While Avery had semi-successful numbers in four different seasons with the Cubs, Buchter (pron. BUCK-TER) has struggled in two-plus seasons of pro ball. He held a 6.95 ERA over his first two seasons in the Nationals' farm system, but this past season strung together some fairly nice performances while pitching in the South Atlantic League.

He has seemed to often lack control, with 46 walks in 69 2/3 innings in his career. But Cubs Director of Amateur Scouting Tim Wilken noted that Buchter is fairly new to pitching. Buchter was an outfielder in junior college, where he was eventually converted to pitcher, Wilken said.

"We've got reports on him kind of being somewhat raw … but you can see by his numbers that he had a pretty decent year (despite) a little too many walks," said Wilken.

Buchter's fastball is anywhere from 86-94 mph, and he features a changeup and curveball in his repertoire. The curveball is more like a slurve, Wilken said.

"He's got a changeup and curveball," Wilken said of Buchter's secondary pitches. "From all our reports, it's kind of a work in progress. It's not so dissimilar to Mateo. It's not a comparison to Mateo, but it's not so dissimilar because he (Mateo) didn't have much of a breaking ball until right at the end.

"That's not to be confused with a comparison; it's more of a sighting of a breaking ball that has some potential. It's not necessarily average at this time, just like Mateo's wasn't. But there may be enough in there. With (Buchter's) limited amount of innings, who knows what could happen here."

Wilken noted that the Cubs have an assortment of young left-handers stockpiled at the minor league level from Class Low-A Boise to Daytona.

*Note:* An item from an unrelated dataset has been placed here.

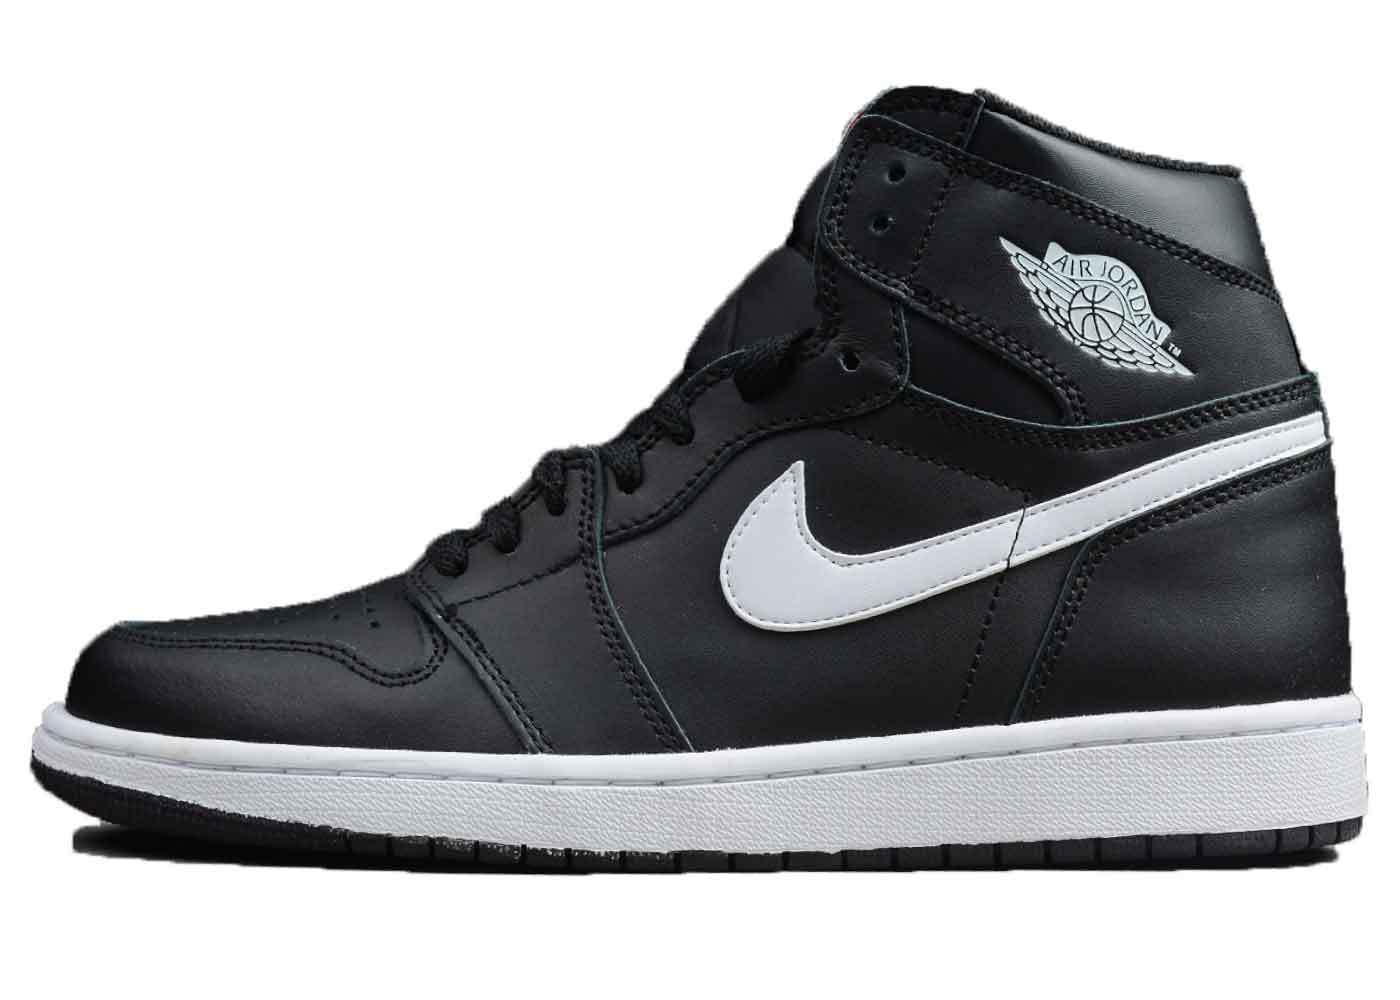 Nike Air Jordan 1 Retro Yin Yang Blackの写真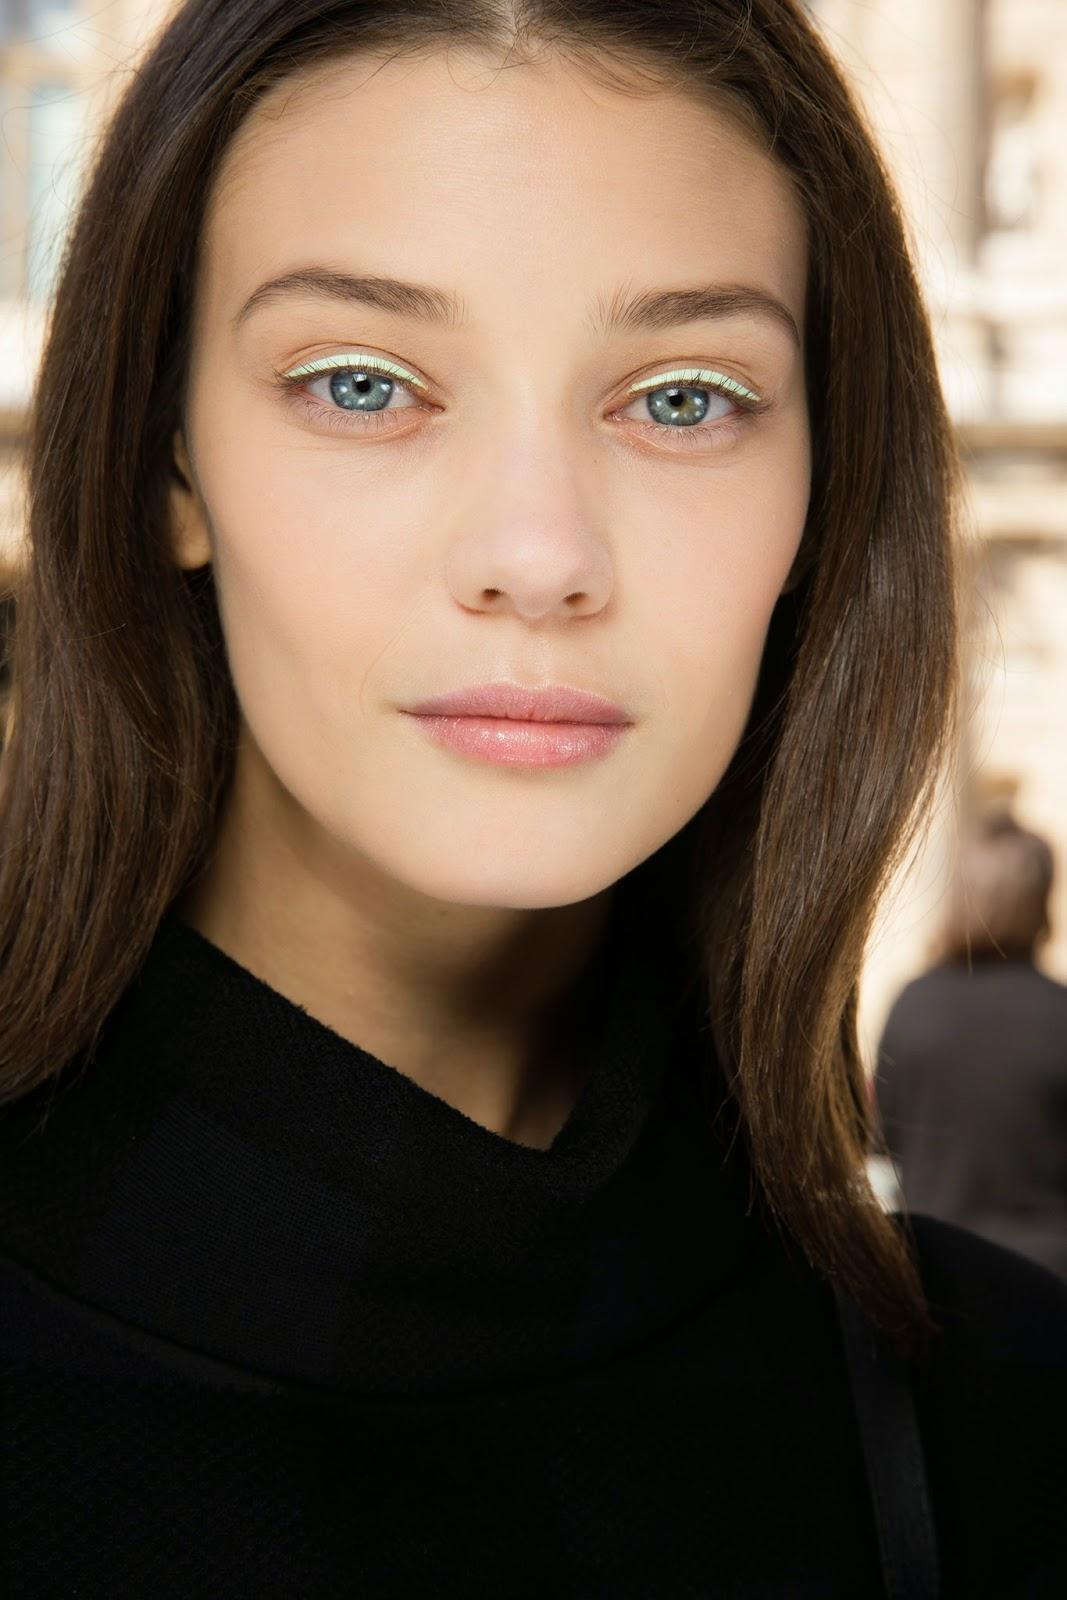 Delineador - Eyeliner adesivo em cetim da Dior  - Tendência  primavera 2015

Those pitchers include 2008 draftees James Leverton and Jeff Beliveau, plus converted outfielder Luke Sommer, young Dominican lefty Jeff Antigua, Buchter, and 2007 draftees Zach Ashwood, Chris Siegfried, Dustin Sasser, James Russell and 2006 draftee Jeremy Papelbon – many of whom were brought to the Cubs' annual Instructional League this fall.

"Basically it was brought up by Washington that they had certain interest in Avery," Wilken said. "Avery was a little bit trapped over here on the right-hand side, and our theory has always been to add a lefty when you can, which is probably different than most other organizations. But (Buchter) was a little bit of a younger guy that now gives us 11 different lefties from Boise to Daytona now."